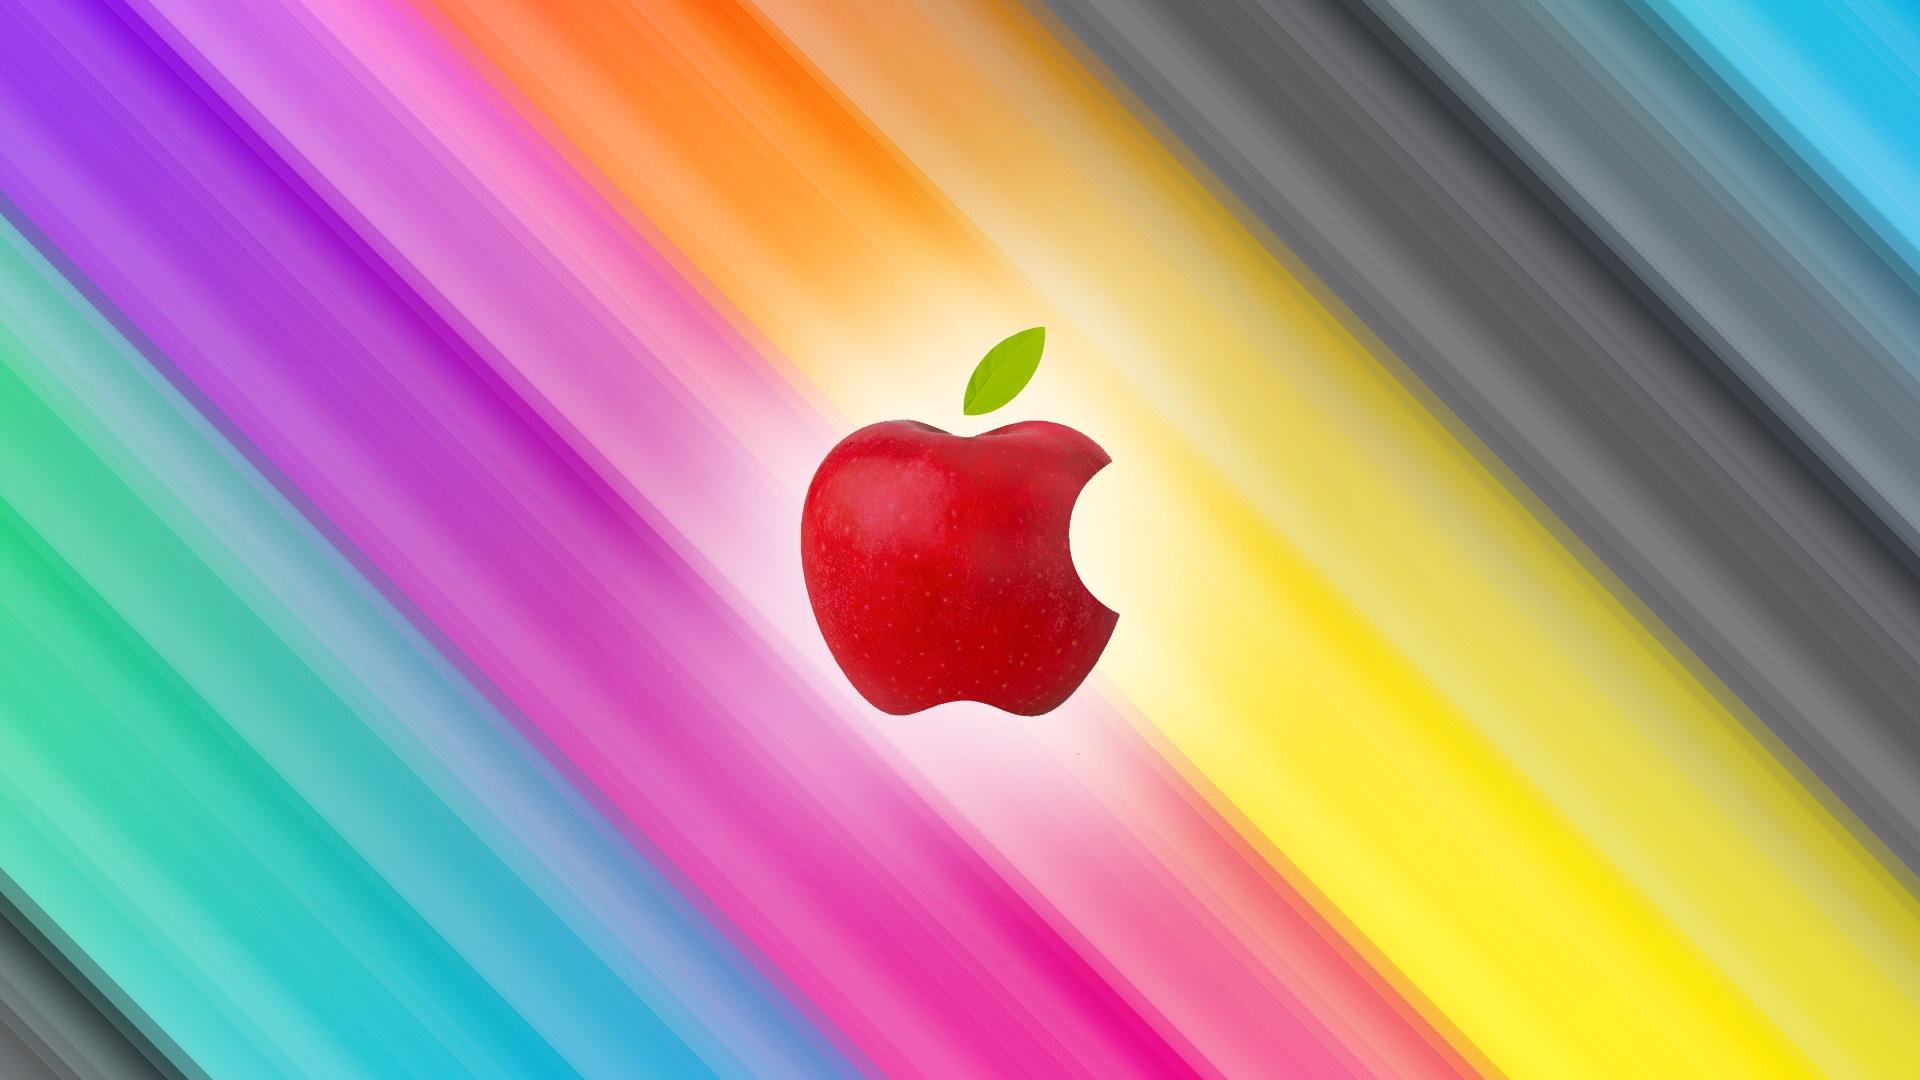 barres obliques apple fond - photo #2
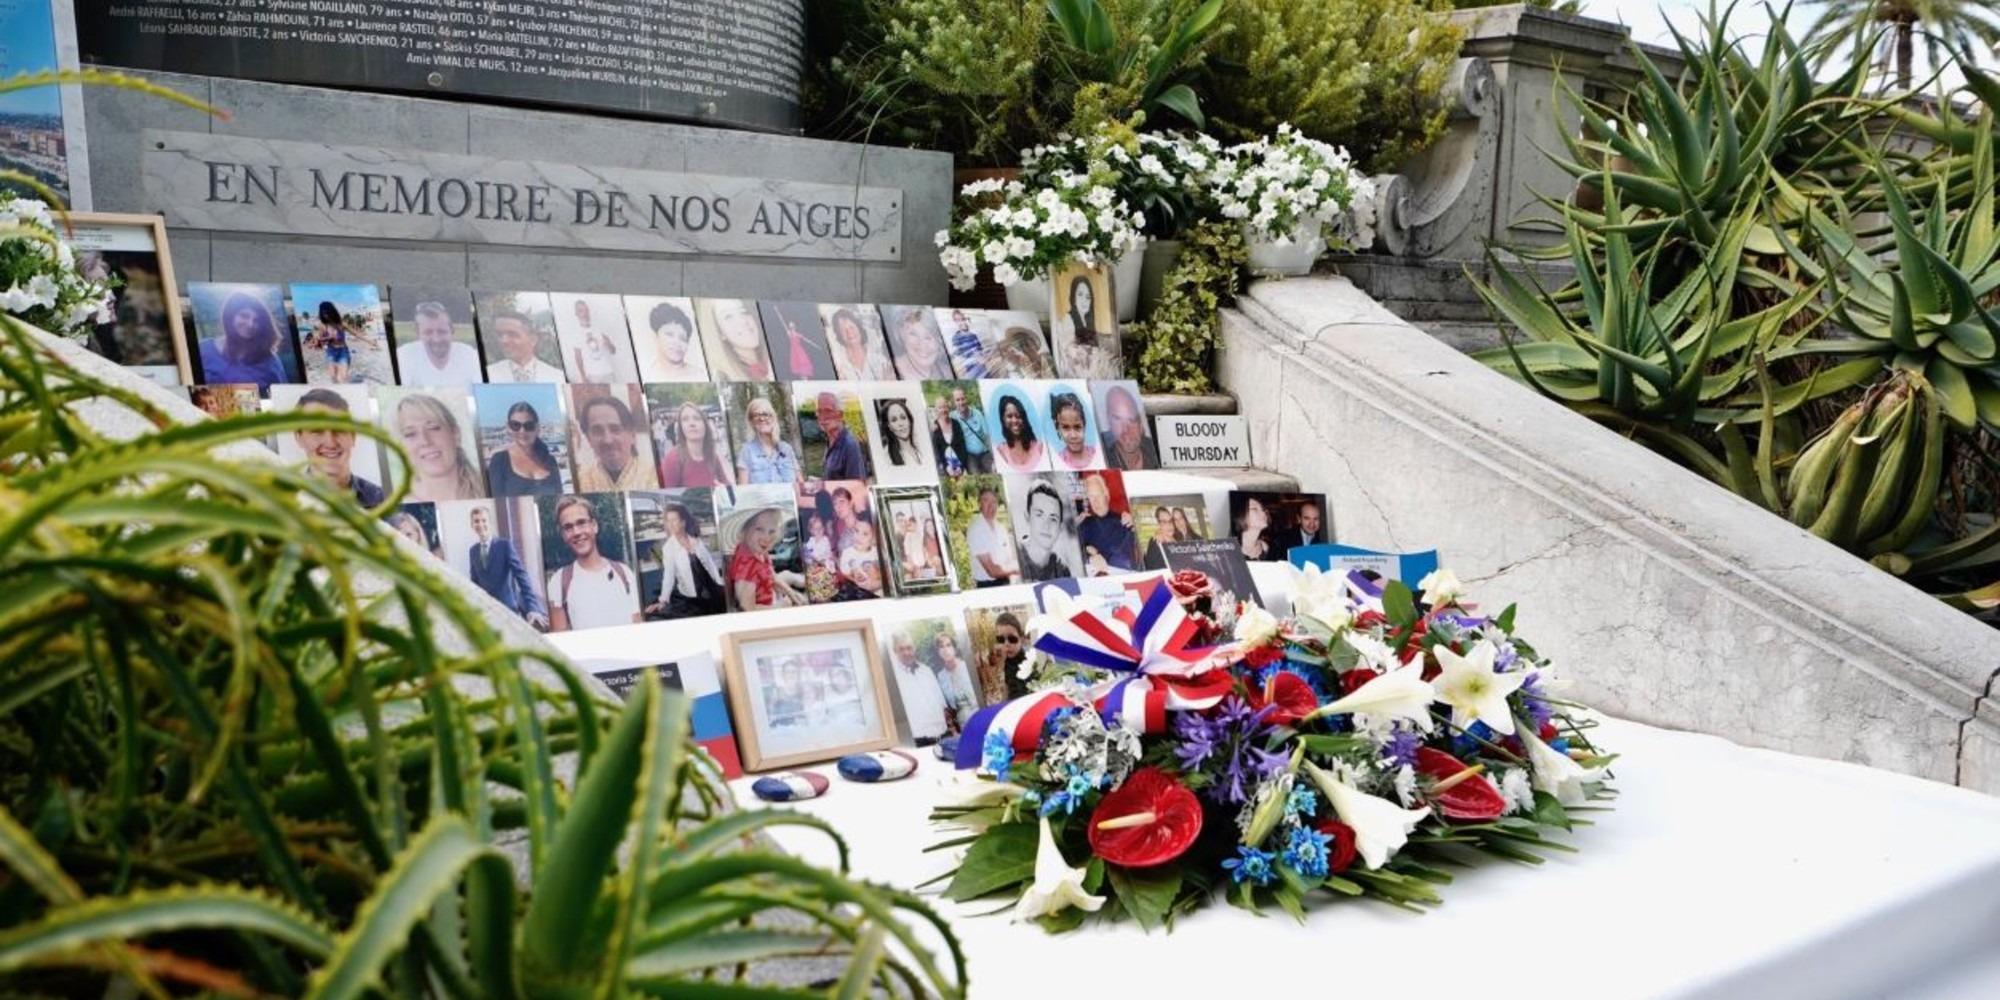 Attentat de Nice en 2016 : arrestation en Italie d'un complice de l'assaillant
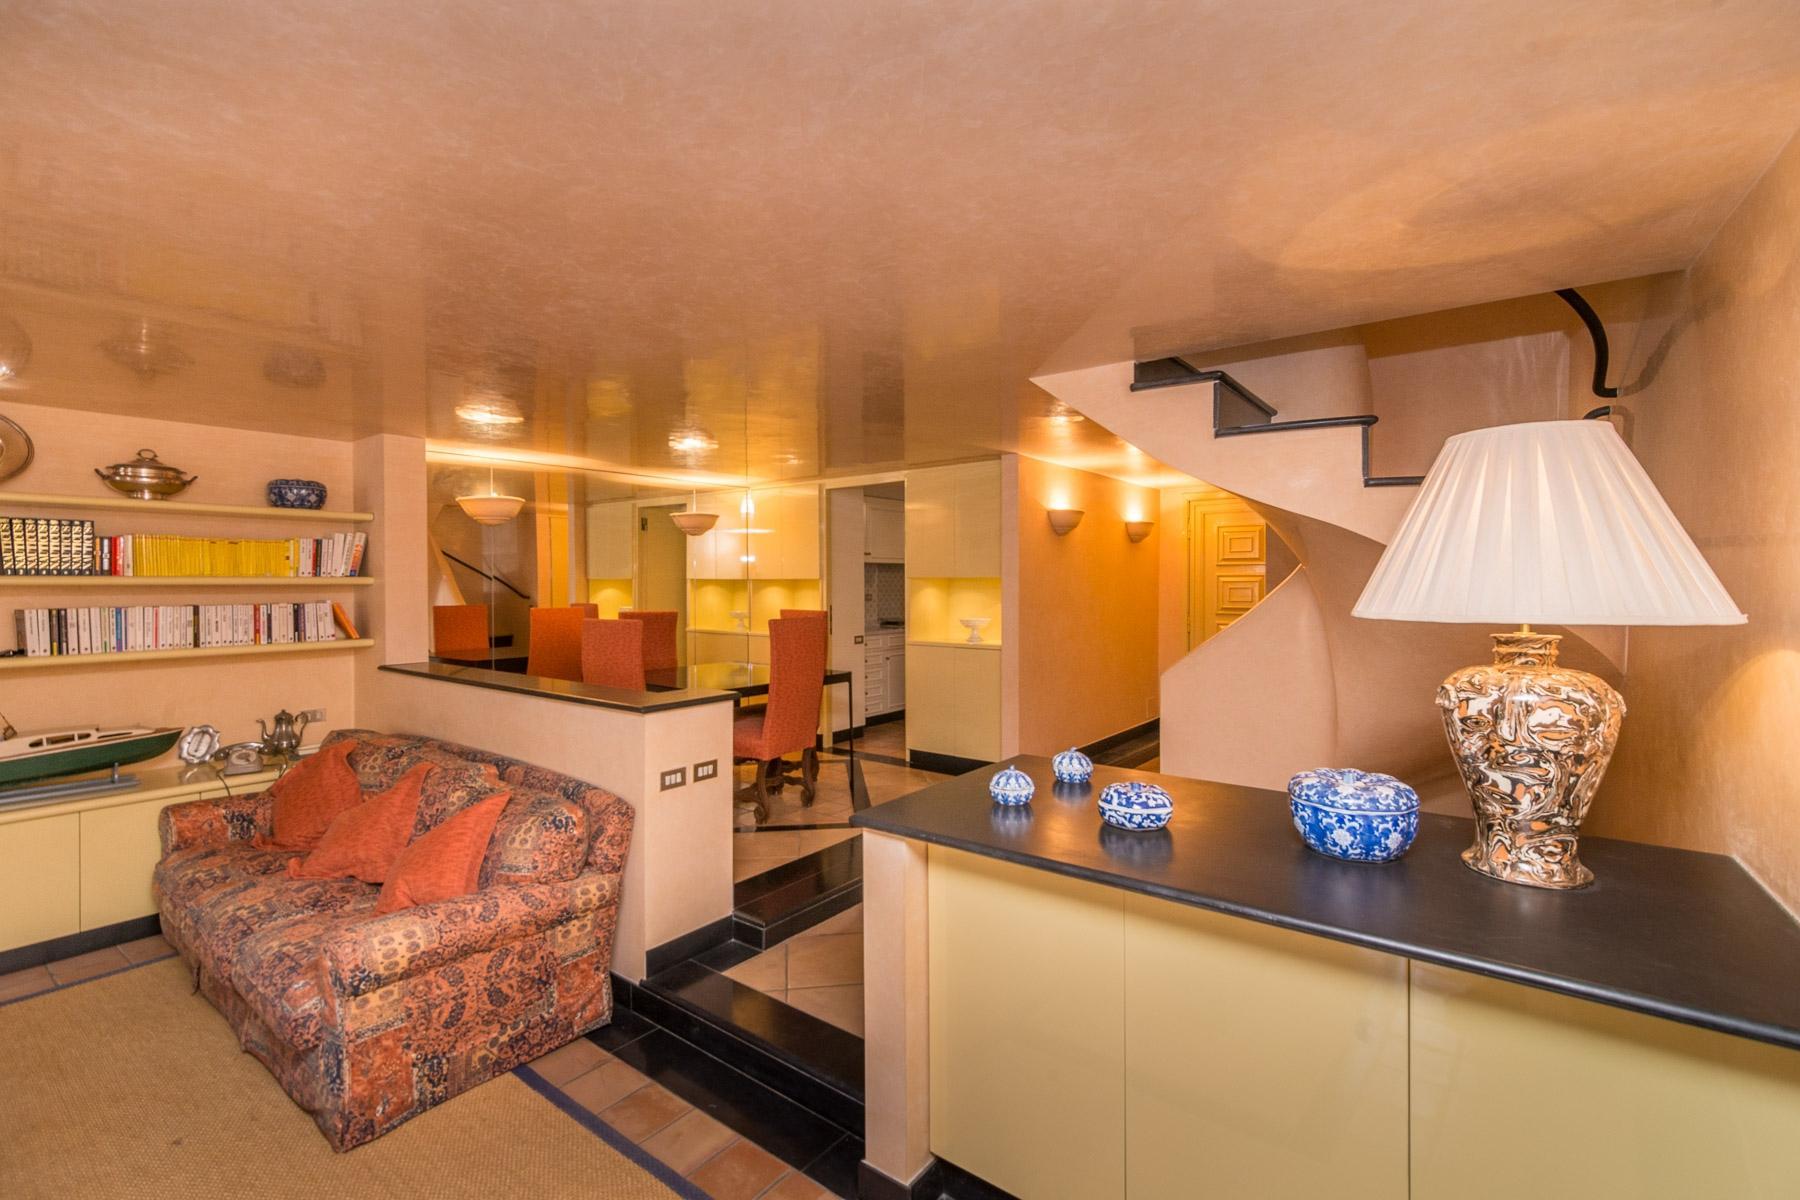 Charmante Wohnung am Portifino Piazzetta - 11
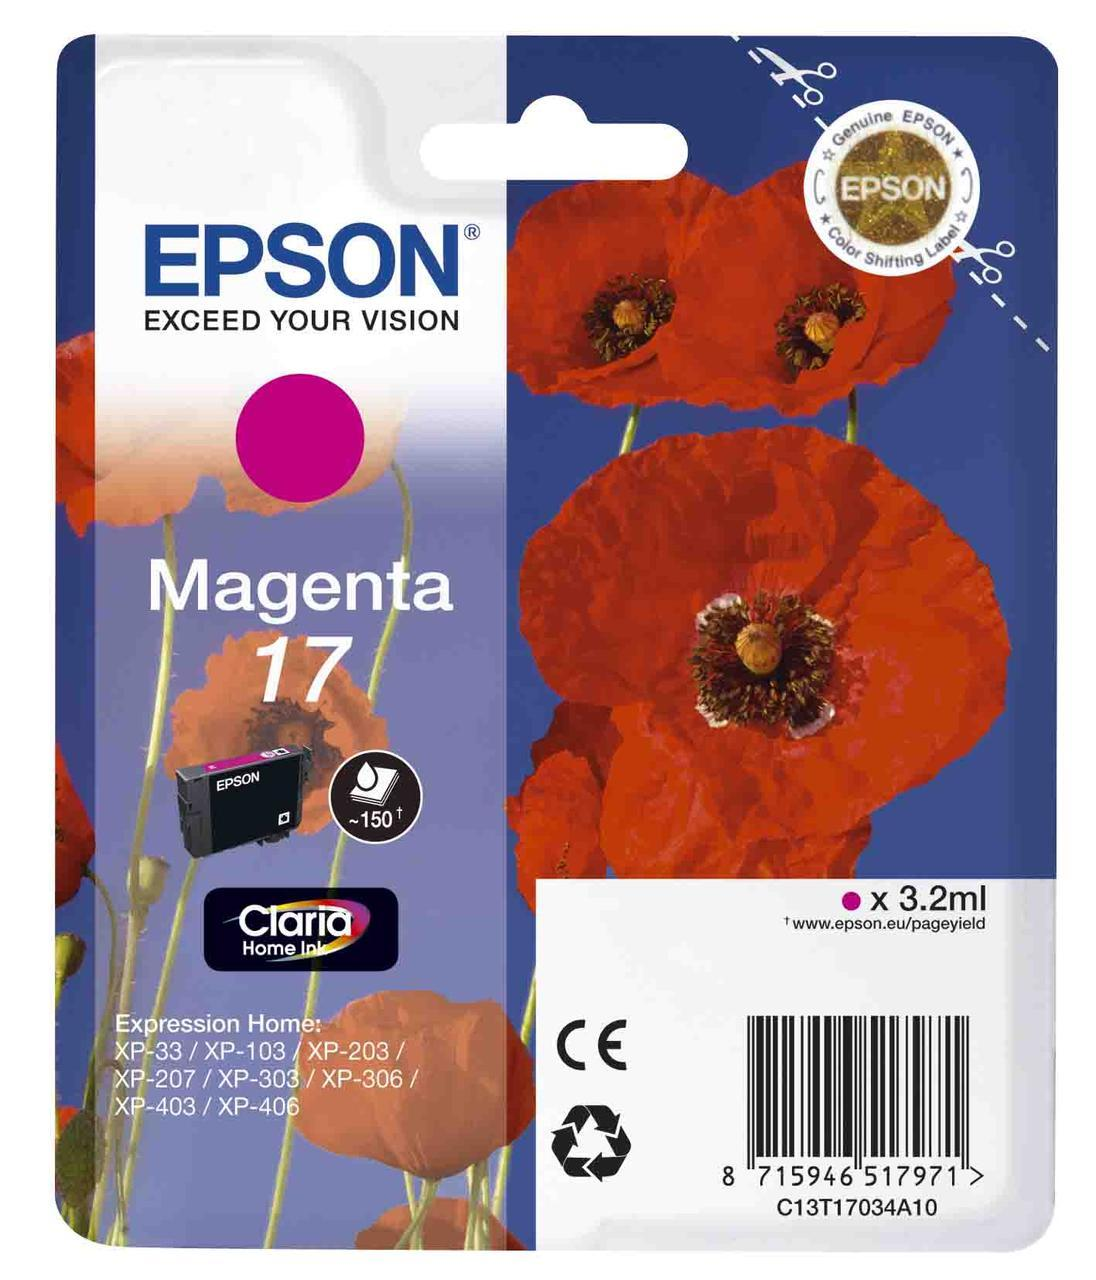 Картридж Epson C13T17034A10 (№17), Объем: 3,2 мл, Копий ( ISO 19752): 150, Цвет: Пурпурный, Совместимость: Exp

------------------------

▸ ASSIGNMENT
Copy out every line above without change, dropping the pictures.

▸ RESPONSE AREA
 barres obliques apple fond - photo #2
 Attentat de Nice en 2016 : arrestation en Italie d'un complice de l'assaillant
 Charmante Wohnung am Portifino Piazzetta - 11
 Картридж Epson C13T17034A10 (№17), Объем: 3,2 мл, Копий ( ISO 19752): 150, Цвет: Пурпурный, Совместимость: Exp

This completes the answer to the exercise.